Safety evaluations included the incidence and type of TEAEs, serious TEAEs, TEAEs leading to treatment discontinuation, pulmonary function tests, optical coherence tomography, and laboratory testing. TEAEs of special interest included infections, bradycardia, heart conduction abnormalities, abnormal pulmonary function tests, macular edema, hepatic effects, and malignancies.
At week 24 (baseline of the blinded extension), all participants were monitored for 6 hours after treatment (hourly vital signs and electrocardiograms before and 6 hours after treatment initiation in the blinded extension). Dermatologic exams were performed by the investigator at screening and every 6 months thereafter; any participant with suspicious findings was referred to a dermatologist.
Statistical analysis
Descriptive statistics were used to describe outcomes in the intent-to-treat population during the blinded extension. Demographic characteristics and safety data were pooled by ozanimod HCl-dose group (0.5 or 1 mg). Efficacy was examined in the dose subgroups as described above.
Results
Participant disposition
In total, 97.7% (252/258) of the participants completed the 24-week placebo-controlled period (ozanimod HCl 0.5 mg, n = 85; ozanimod HCl 1 mg, n = 82; placebo, n = 85). Three participants declined to enter the blinded extension. A total of 126 participants received ozanimod HCl 0.5 mg, and 123 received ozanimod HCl 1 mg during the blinded extension (Figure 2) between 1 May 2013 and 2 May 2016. Demographics and disease characteristics of participants in the blinded extension were similar to the baseline of the core period6 and across treatment groups (Table 1). Overall, 89.6% (223/249) of participants in RADIANCE Part A who continued to the blinded extension completed an additional 2 years, with 11.1% (14/126) and 9.8% (12/123) of those randomized to ozanimod HCl 0.5 and 1 mg, respectively, discontinuing study treatment prior to year 2. The reasons for treatment discontinuation are summarized in Figure 2.
Figure 2.
Disposition.
Table 1.
Demographics and disease characteristics of the blinded extension population at study entry.

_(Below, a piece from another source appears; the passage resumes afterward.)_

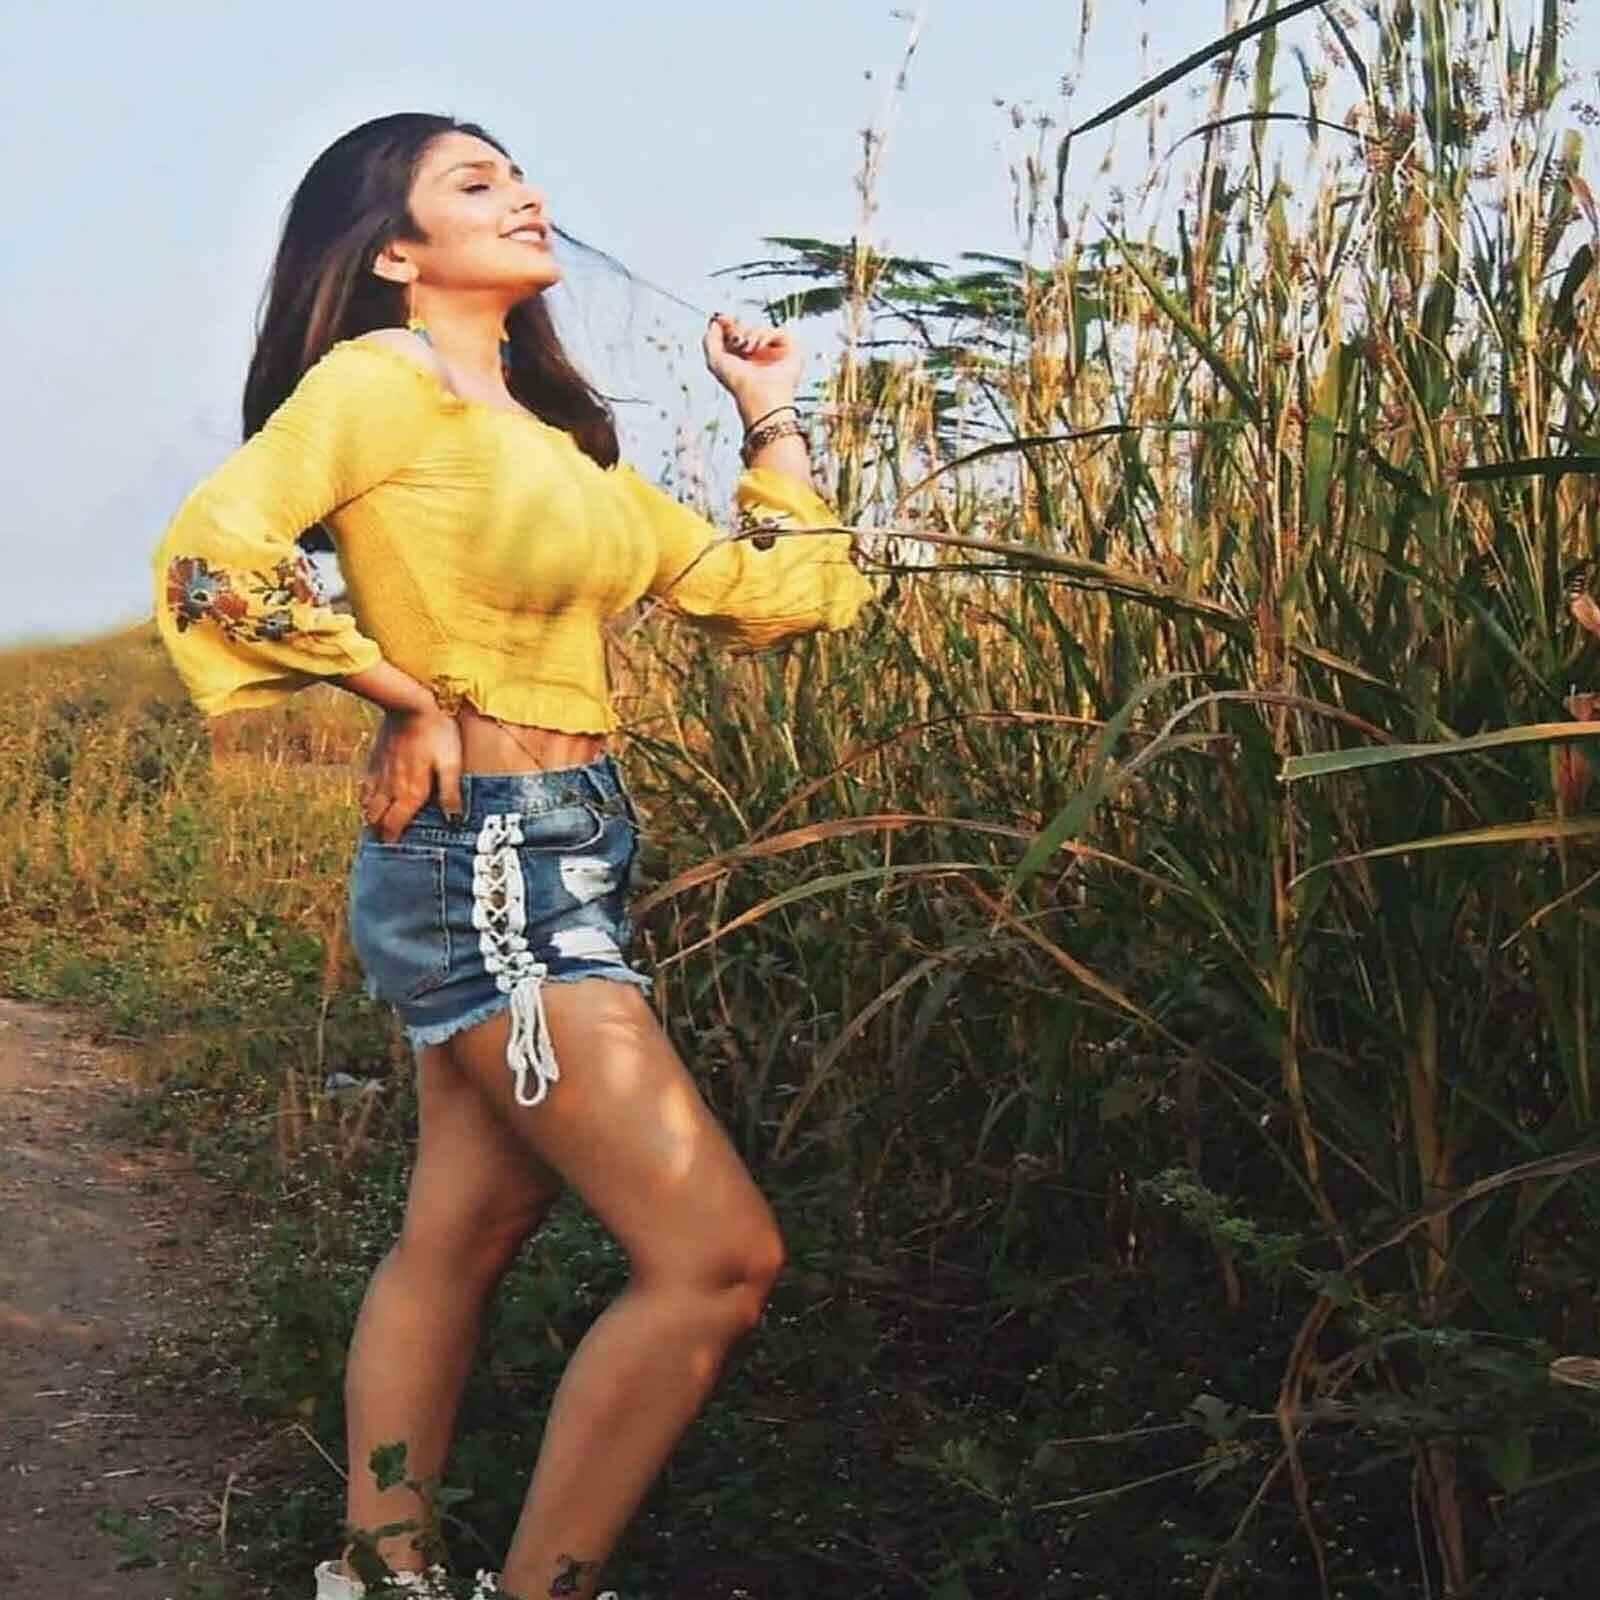 দেখে নিন টেলি স্ট্রা ইশিতা চৌহ্বানের হট ছবি

| Placebo → ozanimod HCl 0.5 mg, (n = 41) | Ozanimod HCl 0.5 mg → ozanimod HCl 0.5 mg, (n = 85) | Placebo → ozanimod HCl 1 mg, (n = 42) | Ozanimod HCl 1 mg → ozanimod HCl 1 mg, (n = 81) | |
|---|---|---|---|---|
| Mean age (SD), years | 41 (8.01) | 38.1 (9.26) | 36.9 (8.69) | 38.5 (9.90) |
| Female, n (%) | 30 (73.2) | 58 (68.2) | 30 (71.4) | 57 (70.4) |
| White, n (%) | 41 (100) | 83 (97.6) | 42 (100) | 81 (100) |
| Eastern Europe, n (%) | 38 (92.7) | 78 (91.8) | 36 (85.7) | 74 (91.4) |
| Mean time since MS symptom onset (SD), years | 9.0 (7.05) | 6.0 (6.49) | 7.0 (7.05) | 6.2 (5.81) |
| Mean time since MS diagnosis (SD), years | 5.3 (5.19) | 2.8 (5.02) | 3.7 (5.11) | 3.6 (4.46) |
| Mean EDSS score (SD) | 2.7 (1.19) | 2.9 (1.29) | 2.9 (1.38) | 2.8 (1.18) |
| Mean relapses in the previous 12 months, n (SD) | 1.3 (0.68) | 1.4 (0.95) | 1.4 (0.62) | 1.3 (0.71) |
| Mean relapses in the previous 24 months, n (SD) | 2.0 (1.22) | 2.0 (1.69) | 1.7 (0.75) | 1.8 (1.05) |
| Mean gadolinium-enhancing lesions, n (SD) | 1.8 (3.73) | 0.9 (1.43) | 0.6 (1.38) | 1.4 (2.78) |
| Participants free of gadolinium-enhancing lesions, n (%) | 28 (68.3) | 51 (60.0) | 30 (71.4) | 51 (63.0) |
| Participants who received prior MS medication, n (%) | 18 (43.9) | 19 (22.4) | 12 (28.6) | 18 (22.2) |
EDSS: Expanded Disability Status Scale; MS: multiple sclerosis; SD: standard deviation.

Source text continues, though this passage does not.